A command can end with alignment options, each of which will be discussed in detail later, in Vim dictionary format.

  • :EasyAlign * /[:;]\+/ { 'stick_to_left': 1, 'left_margin': 0 }

stick_to_left of 1 means that the matched delimiter should be positioned right next to the preceding token, and left_margin of 0 removes the margin on the left. So we get:

apple;: banana::   cake
data;;  exchange:; format

You don't have to write complete names as long as they're distinguishable.

  • :EasyAlign * /[:;]\+/ { 'stl': 1, 'l': 0 }

You can even omit spaces between the arguments.

  • :EasyAlign*/[:;]\+/{'s':1,'l':0}

Nice. But let's make it even shorter. Option values can be written in shorthand notation.

  • :EasyAlign*/[:;]\+/<l0

The following table summarizes the shorthand notation.

Option Expression
filter [gv]/.*/
left_margin l[0-9]+
right_margin r[0-9]+
stick_to_left < or >
ignore_unmatched iu[01]
ignore_groups ig\[.*\]
align a[lrc*]*
delimiter_align d[lrc]
indentation i[ksdn]

Partial alignment in blockwise-visual mode

In blockwise-visual mode (CTRL-V), EasyAlign command aligns only the selected text in the block, instead of the whole lines in the range.

Consider the following case where you want to align text around => operators.

my_hash = { :a => 1,
            :aa => 2,
            :aaa => 3 }

In non-blockwise visual mode (v / V), <Enter>= won't work since the assignment operator in the first line gets in the way.

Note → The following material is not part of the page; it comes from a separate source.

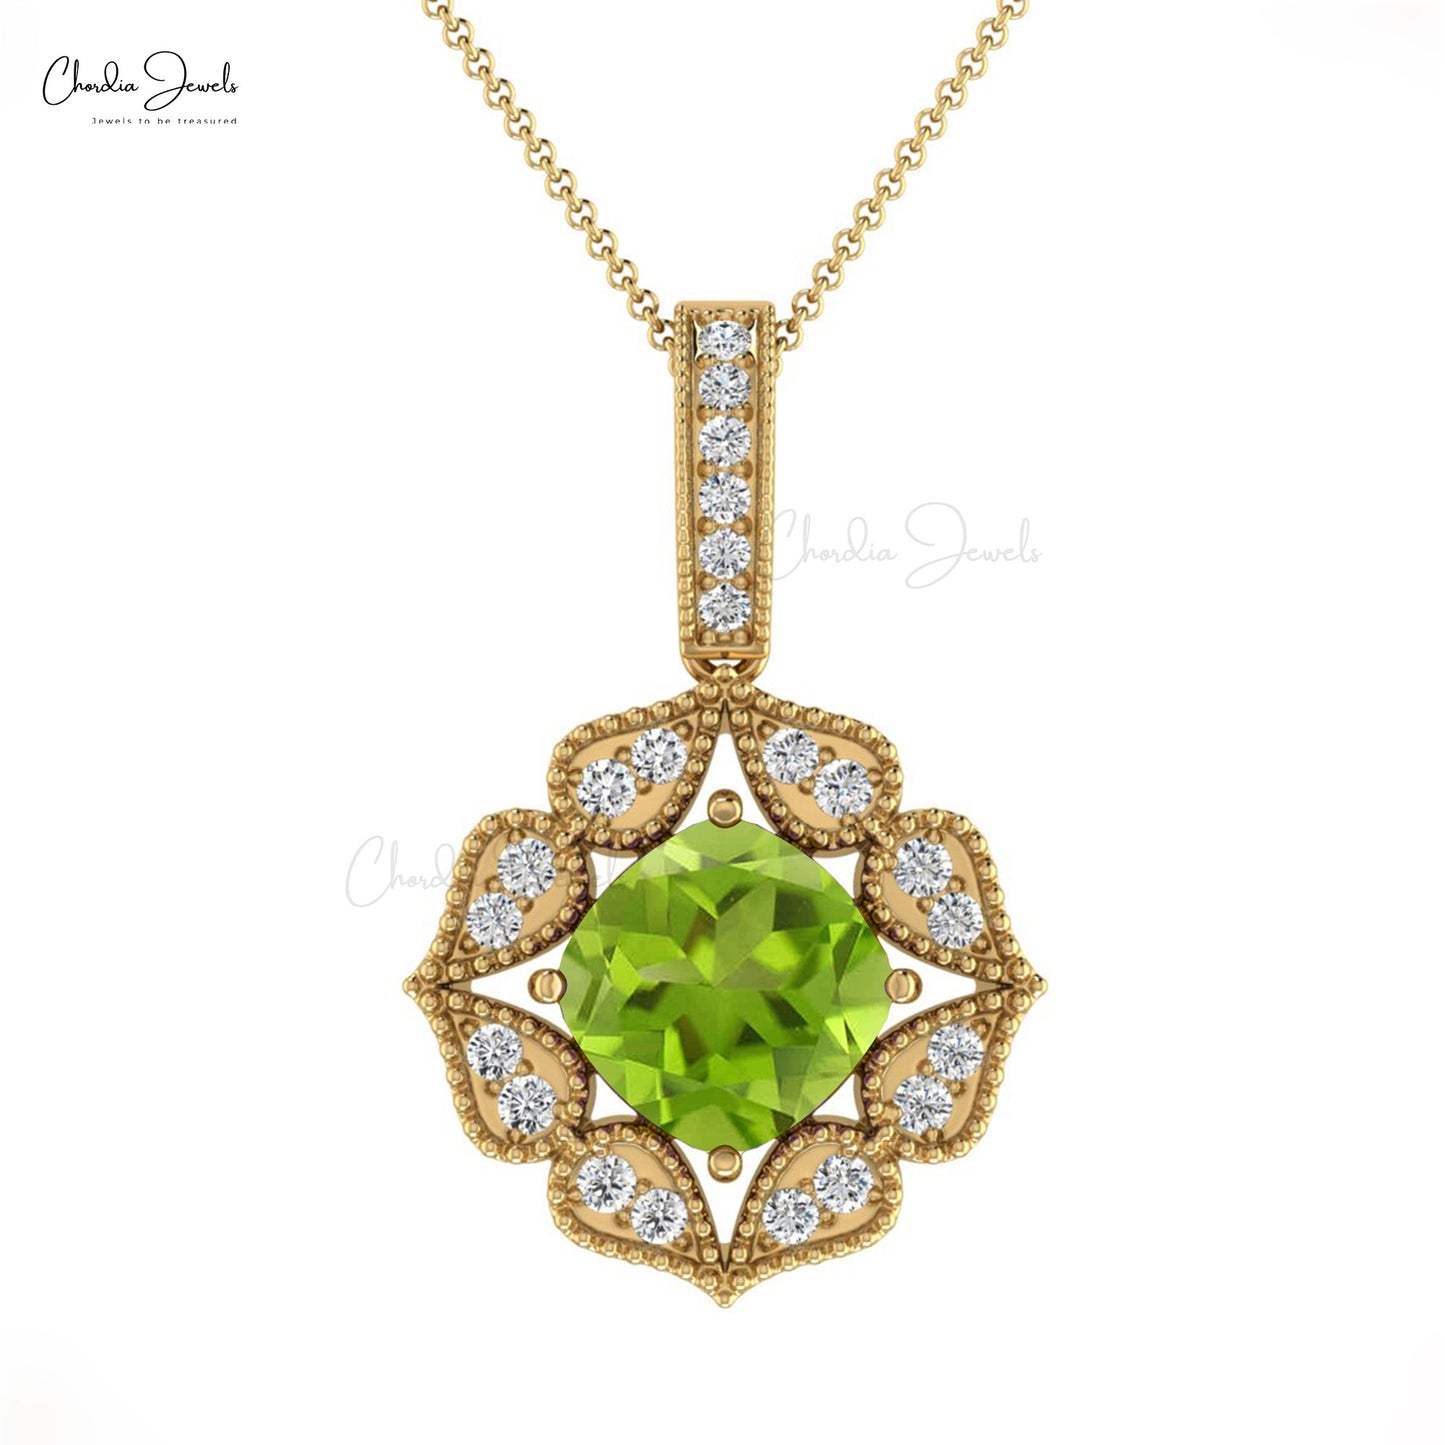 Load image into Gallery viewer, Newly Designer Natural Green Peridot Pendant Necklace Round Shape Genuine White Diamond Art Deco Pendant Necklace in 14k Pure Gold Gift For Her

So we instead enter blockwise-visual mode (CTRL-V), and select the text around => operators, then press <Enter>=.

my_hash = { :a   => 1,
            :aa  => 2,
            :aaa => 3 }

However, in this case, we don't really need blockwise visual mode since the same can be easily done using the negative N-th parameter: <Enter>-=

Alignment options

List of options

Option Type Default Description
filter string Line filtering expression: g/../ or v/../
left_margin number 1 Number of spaces to attach before delimiter
left_margin string ' ' String to attach before delimiter
right_margin number 1 Number of spaces to attach after delimiter
right_margin string ' ' String to attach after delimiter
stick_to_left boolean 0 Whether to position delimiter on the left-side
ignore_groups list ['String', 'Comment'] Delimiters in these syntax highlight groups are ignored
ignore_unmatched boolean 1 Whether to ignore lines without matching delimiter
indentation string k Indentation method (keep, deep, shallow, none)
delimiter_align string r Determines how to align delimiters of different lengths
align string l Alignment modes for multiple occurrences of delimiters

There are 4 ways to set alignment options (from lowest precedence to highest):

  1. Some option values can be set with corresponding global variables
  2. Option values can be specified in the definition of each alignment rule
  3. Option values can be given as arguments to :EasyAlign command
  4. Option values can be set in interactive mode using special shortcut keys
Option name Shortcut key Abbreviated Global variable
filter CTRL-F [gv]/.*/
left_margin CTRL-L l[0-9]+
right_margin CTRL-R r[0-9]+
stick_to_left <Left>, <Right> < or >
ignore_groups CTRL-G ig\[.*\] g:easy_align_ignore_groups
ignore_unmatched CTRL-U iu[01] g:easy_align_ignore_unmatched
indentation CTRL-I i[ksdn] g:easy_align_indentation
delimiter_align CTRL-D d[lrc] g:easy_align_delimiter_align
align CTRL-A a[lrc*]*

Filtering lines

With filter option, you can align lines that only match or do not match a given pattern. There are several ways to set the pattern.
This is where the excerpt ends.